The moral argument for 'pre-emptive
humanitarian intervention', or 'just war theory' as we used to call it, has levered open the case for war against
the governments of Libya and Iraq and will soon be used against the
government of Iran. It hasn't been used against the DRC, Zimbabwe or
Israel despite each having among the worst human rights records in
modern history. But there are reasons in each case for western moralisers like Blair to look away.
Finding the real Causes and Cures for Conflict
In order to truly understand a
humanitarian response to conflict one must first understand the
causes of a conflict. A fire is not always put out with water, for
example, an oil fire would only be exacerbated by water and needs
smothering instead. Or, if we are in a boat that is filling with
water we may choose to bail out but first we should find out where
the water is coming in. If someone is using a pick axe to bail out
the boat you can be pretty sure that's the cause of the problem and
not the solution.
Previously secret documents from the
private intelligence agency 'Stratfor' have been released by
Anonymous and Wikileaks relating to the Bosnian
conflict. They reveal one of the most important causes of the war:
the IMF. Blair, then British Prime Minister, did more than any other British premier - even more than Margaret Thatcher - to push the sort of global neo-liberal economics that crippled countries like Bosnia.
In the document from
2009, titled 'Europe Analytical Guidance', Stratfor speculate as the
possible violence that may result from IMF austerity measure imposed
on countries like Greece. They write: “Don’t
forget, the IMF austerity measures imposed on Yugoslavia was in part
to blame for the start of the war there. We need to be aware of any
economically motivated social discontentment.”
The
document only pins part of the blame on the IMF, and that's fair
enough, any conflict is complex and it wouldn't honour anyone to boil
it all down to one despotic supra-national and monstrous institution.
But
we know there is a link between economic injustice and social unrest.

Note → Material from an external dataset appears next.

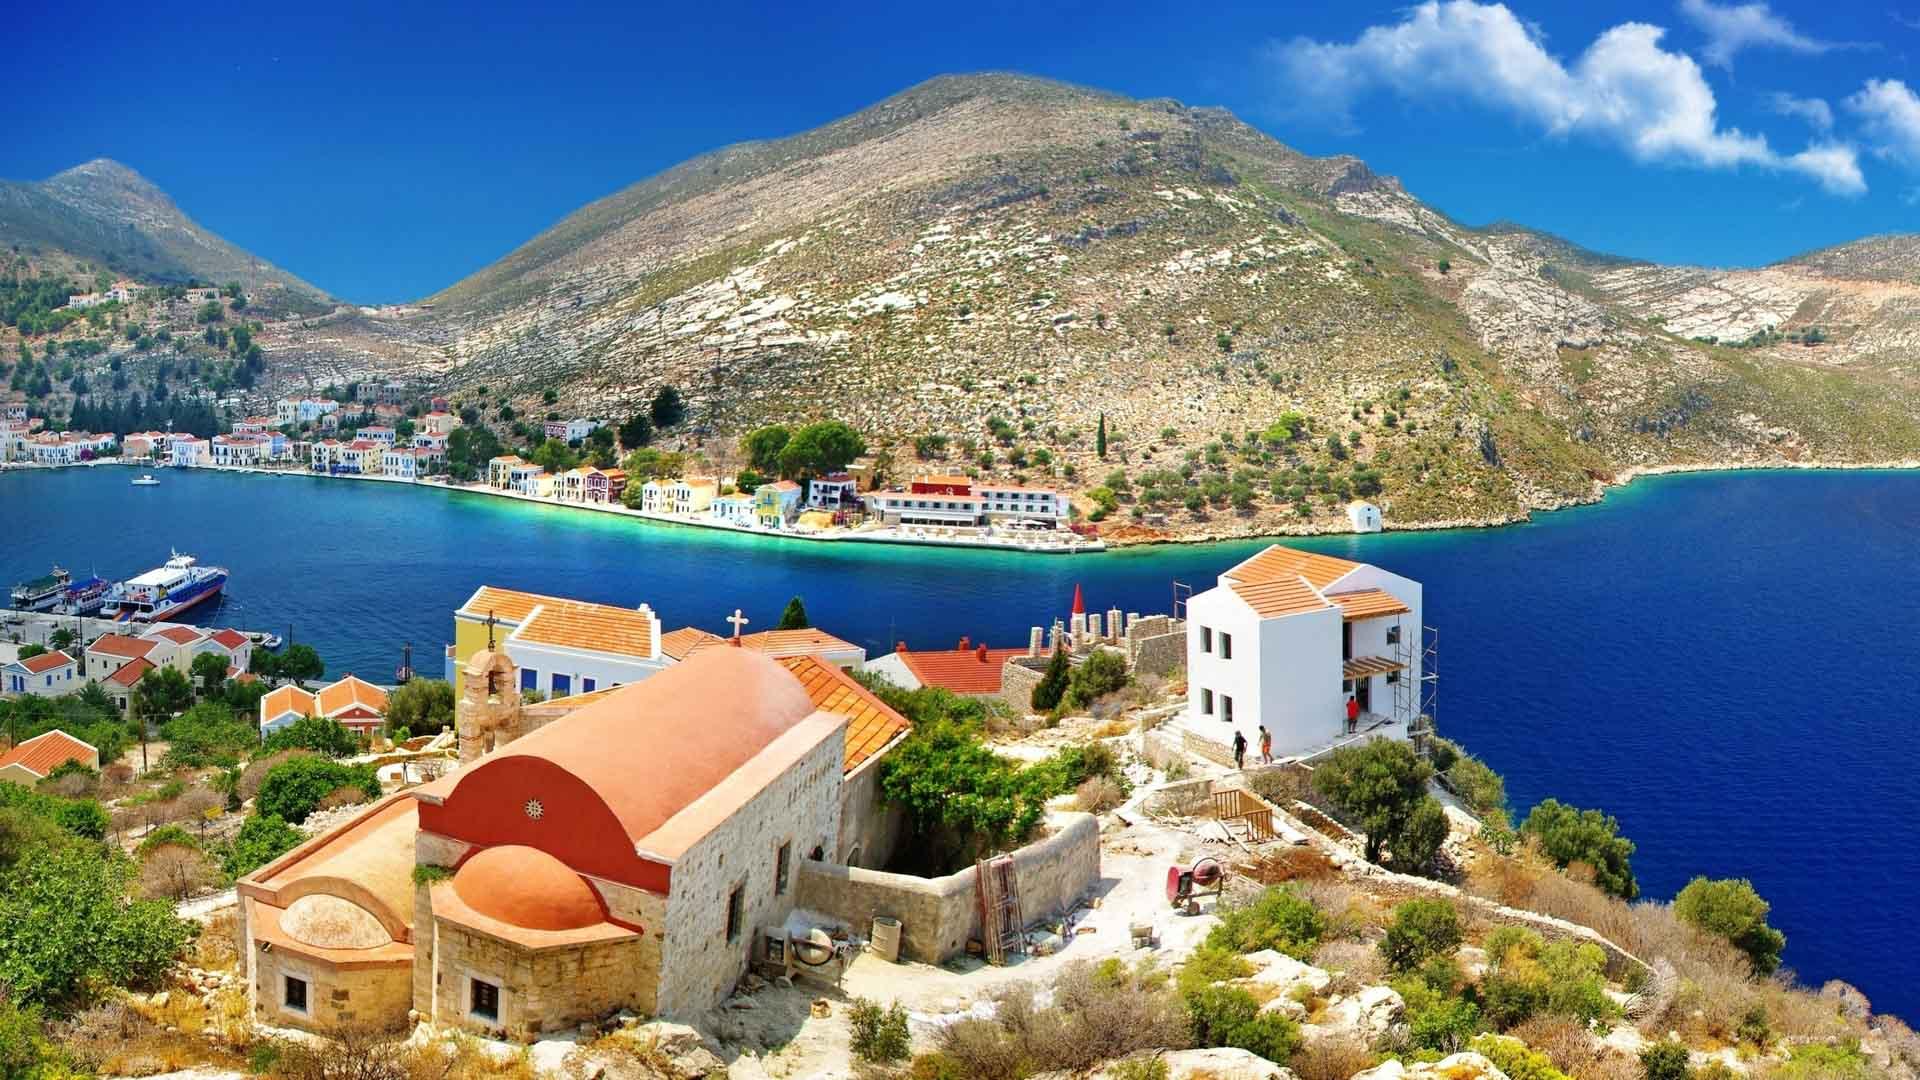 Greece Beach Wallpaper: Greece HD Wallpapers

If the 1930s depression taught us anything it's that mass feelings of
powerlessness lead masses to hand over authority the strong-arm
powers and find scapegoats for their abstracted problems.
What
Bosnia needed was not more intervention from the UN it was less
intervention from world banks and transnational corporations that
were allowed to roam free across the lands for Serb and Croat alike,
atomising households, alienating neighbours and creating an
insatiable restlessness for whatever privileges 'the other' seems to
have.
Colonial
powers never stop claiming to be a force for good in the world. It's
what Alexander the Great, the Caesars, and The British Raj did and
it's what Tony Blair never tired from doing and continues with to
this day with his 'Faith Foundation' that continues his programme of
lining the pockets of the few at the expense of the many.

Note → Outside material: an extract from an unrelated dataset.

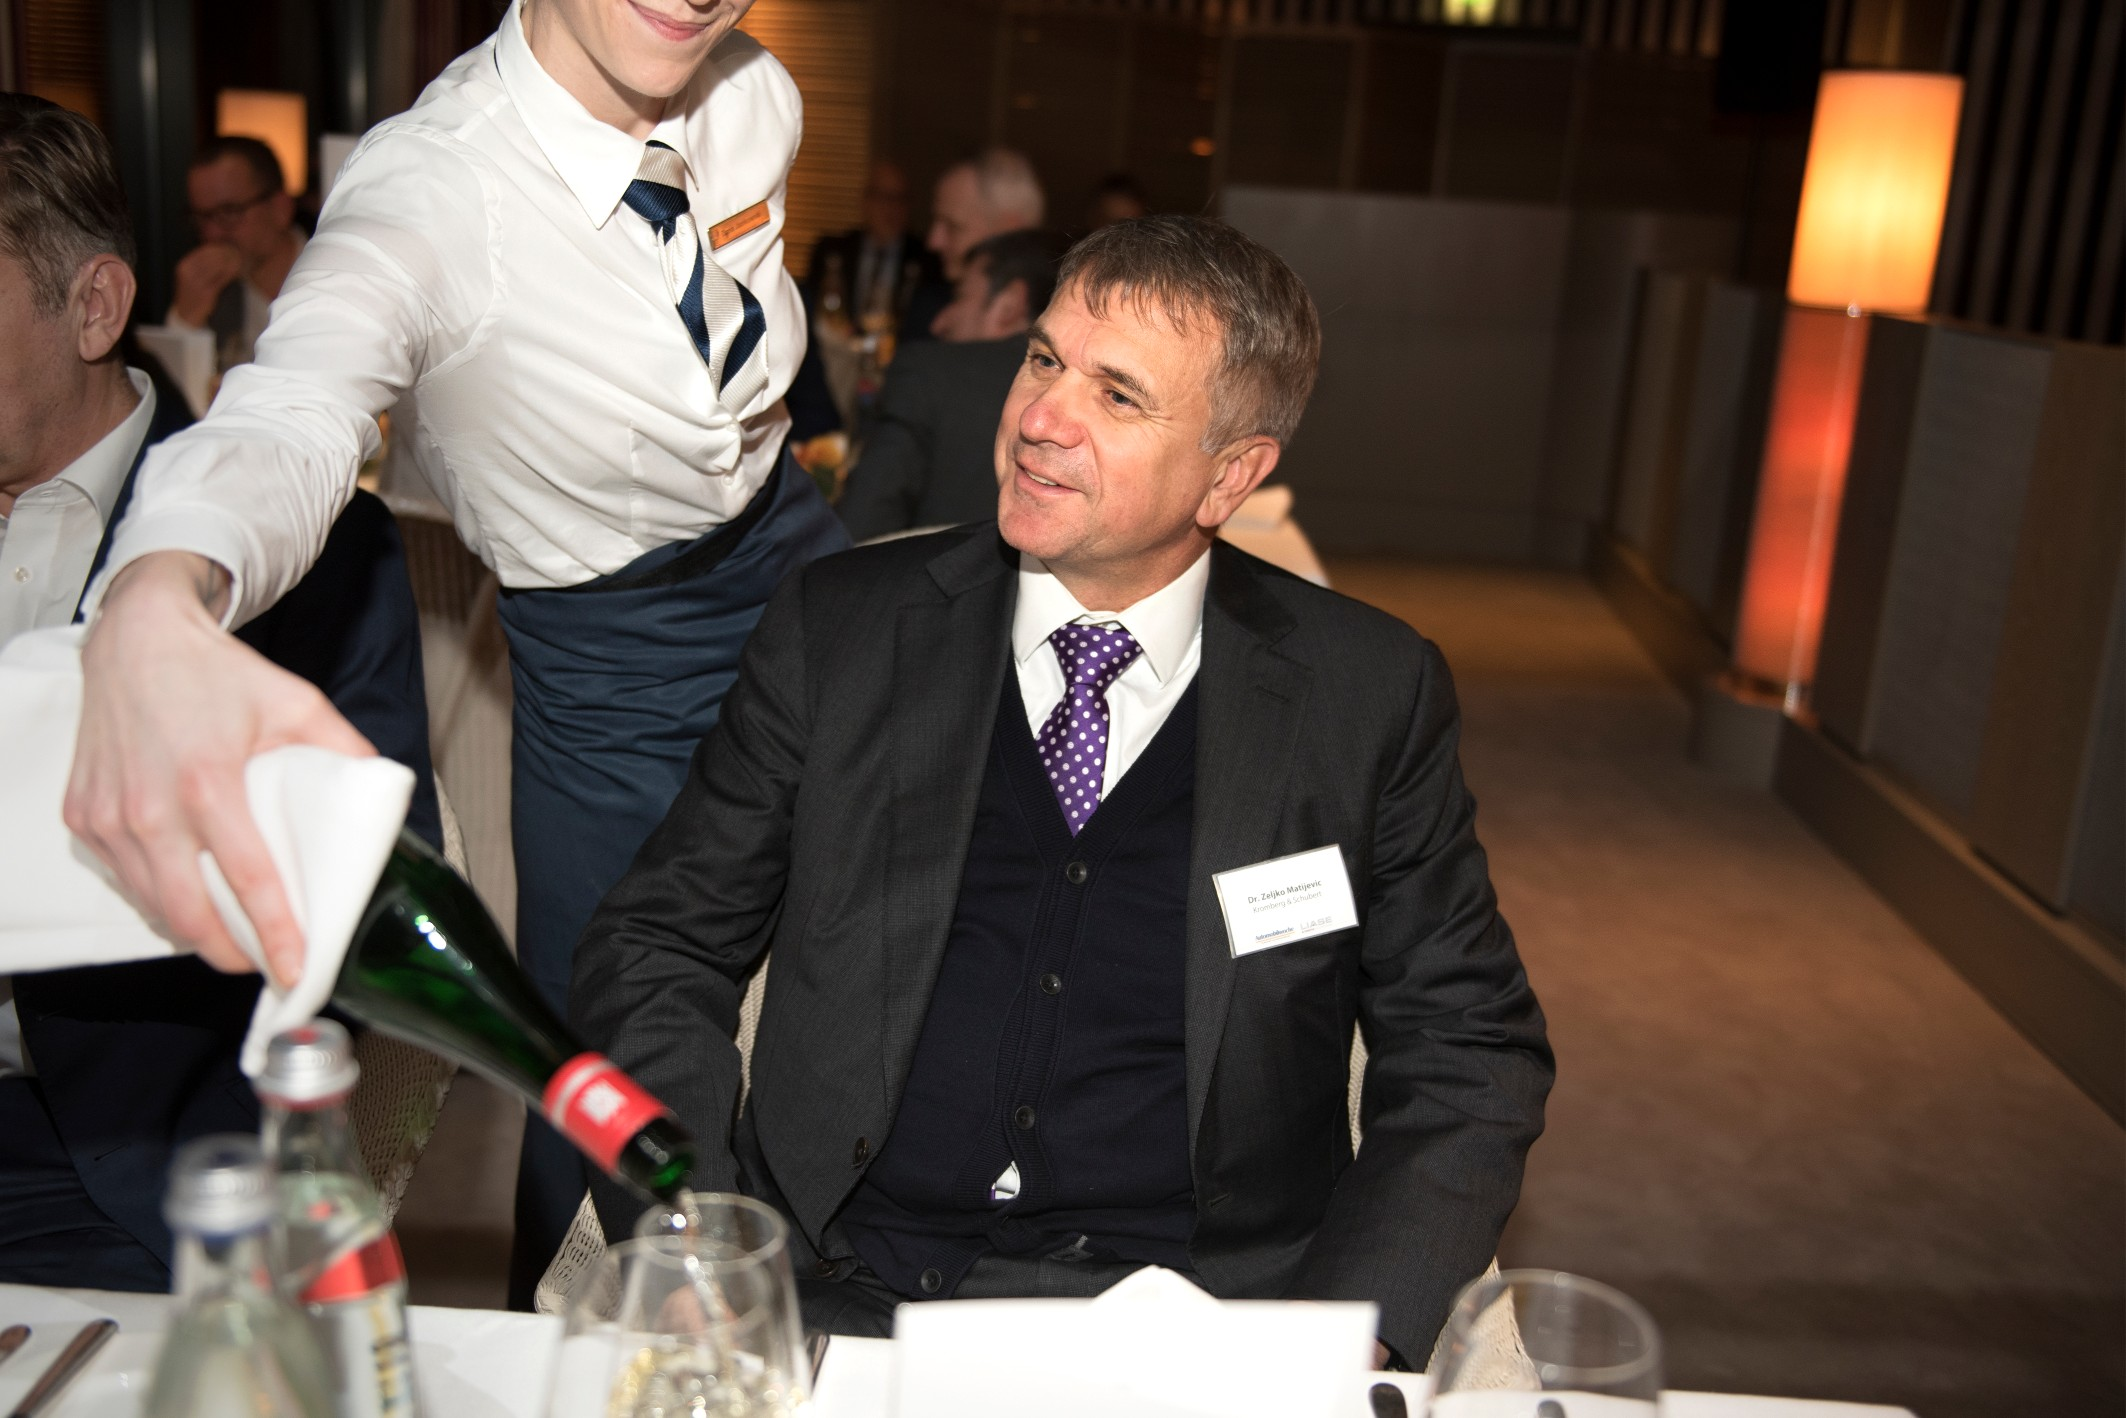 Zeljko Matijevic, CEO of Kromberg & Schubert GmbH.

Tribute to the Powers but Peace from God
The
early church knew of this propagandising of war first hand. St Paul
wrote to the Thessalonian Church, 'They say “peace and security”

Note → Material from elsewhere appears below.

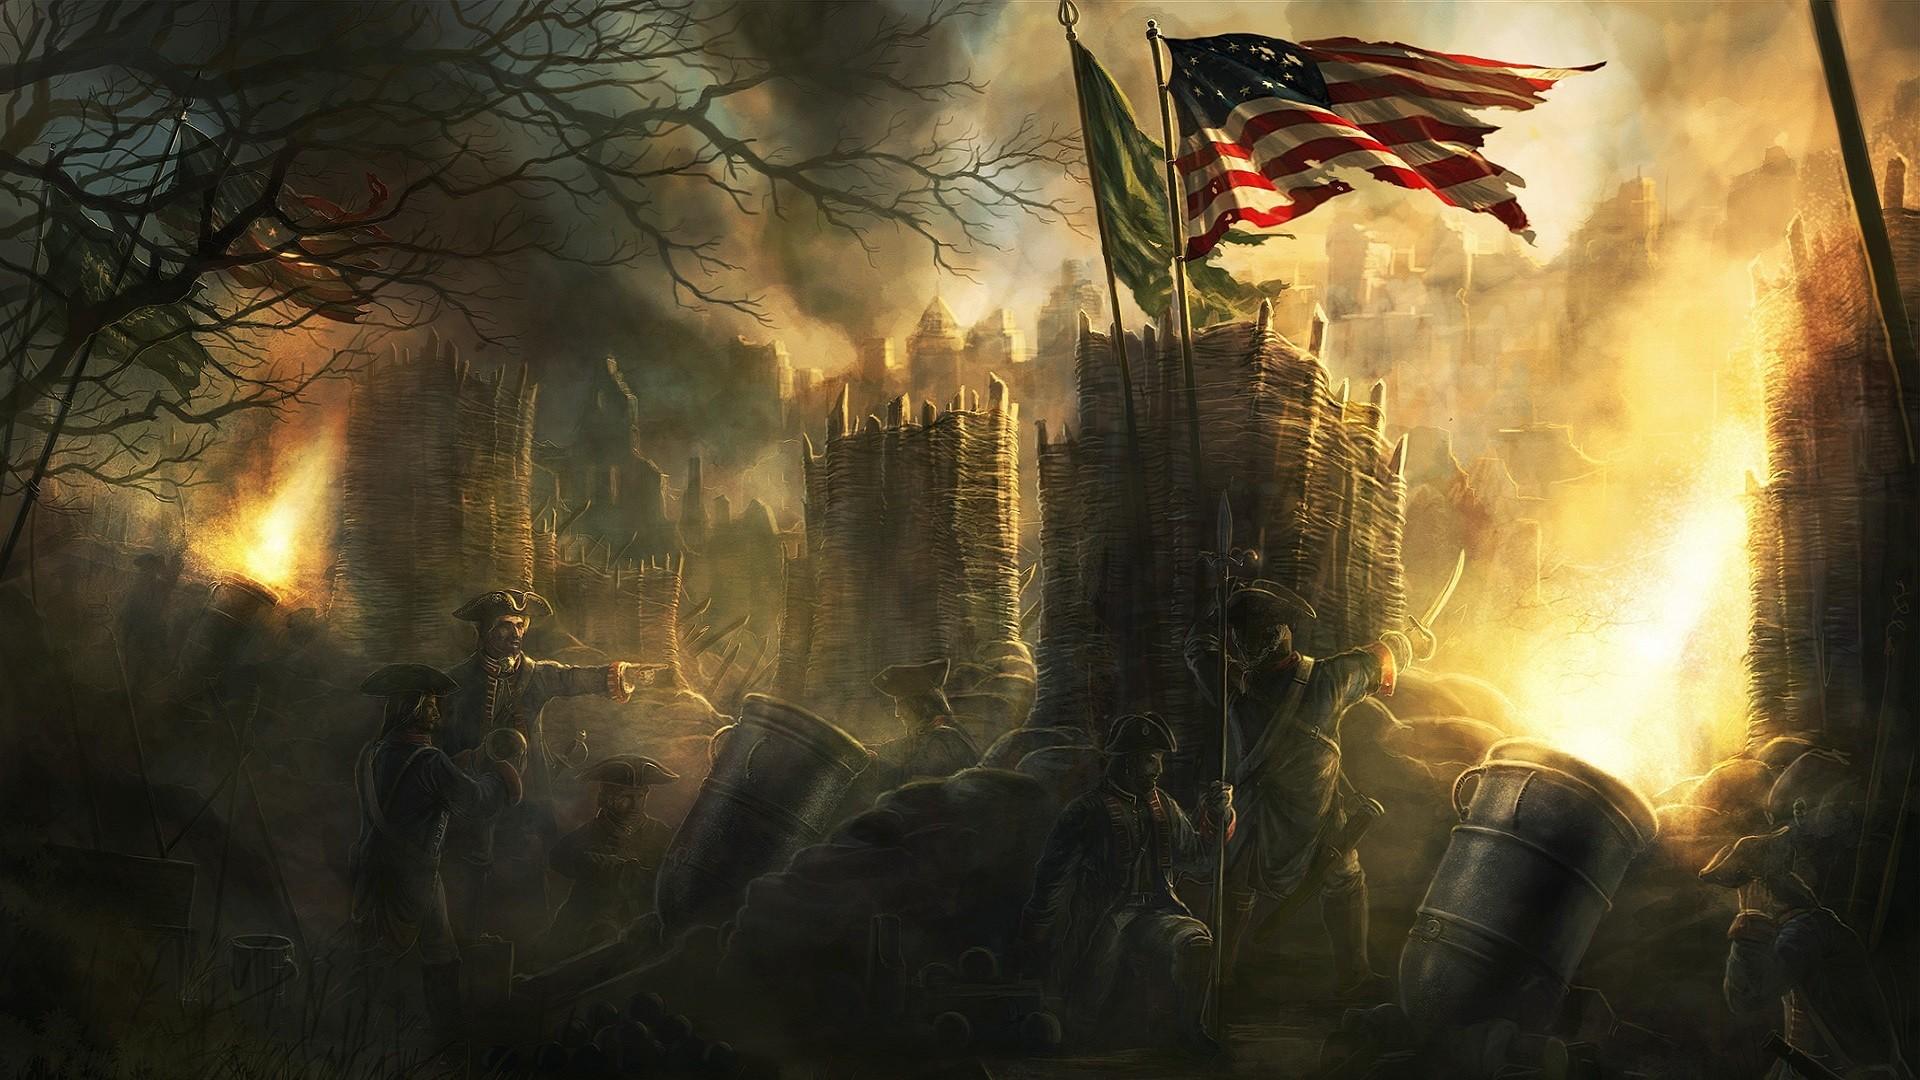 Plants vs Zombies Garden Warfare Free Download for PC

but sudden destruction will come upon them' (1 Thess. 5: 3). “Peace
and Security” was the Roman Peace promised through brutal Roman
conquest of land and expropriation of resources. But the peace of
Jesus was not the peace of pacification; it was the peace of
self-sacrificial compassion and reconciliation.
Tertullian
, the theologian who most carefully articulated the doctrine of the
Trinity of God, called idolatry. This remains obvious in its
inversion in the Churches these days. The Archbishop of York, writingin 'The Sun' newspaper recently, called on the people of Britain to
“pay tribute” to armed forces – borrowing directly from Roman
Imperial language: a tribute is a tax exacted by a conquered and
humiliated people to show submission to the powers-that-be.
Recently the Syrian government has been killing Syrian people in unprecedented numbers. Russia and China vetoed any UN resolution that threatened 'humanitiarian intervention'. There reasons may be as immoral as US/UK reasons for firing up the drones of war but their case was solid - intervention is never moral, it is always political.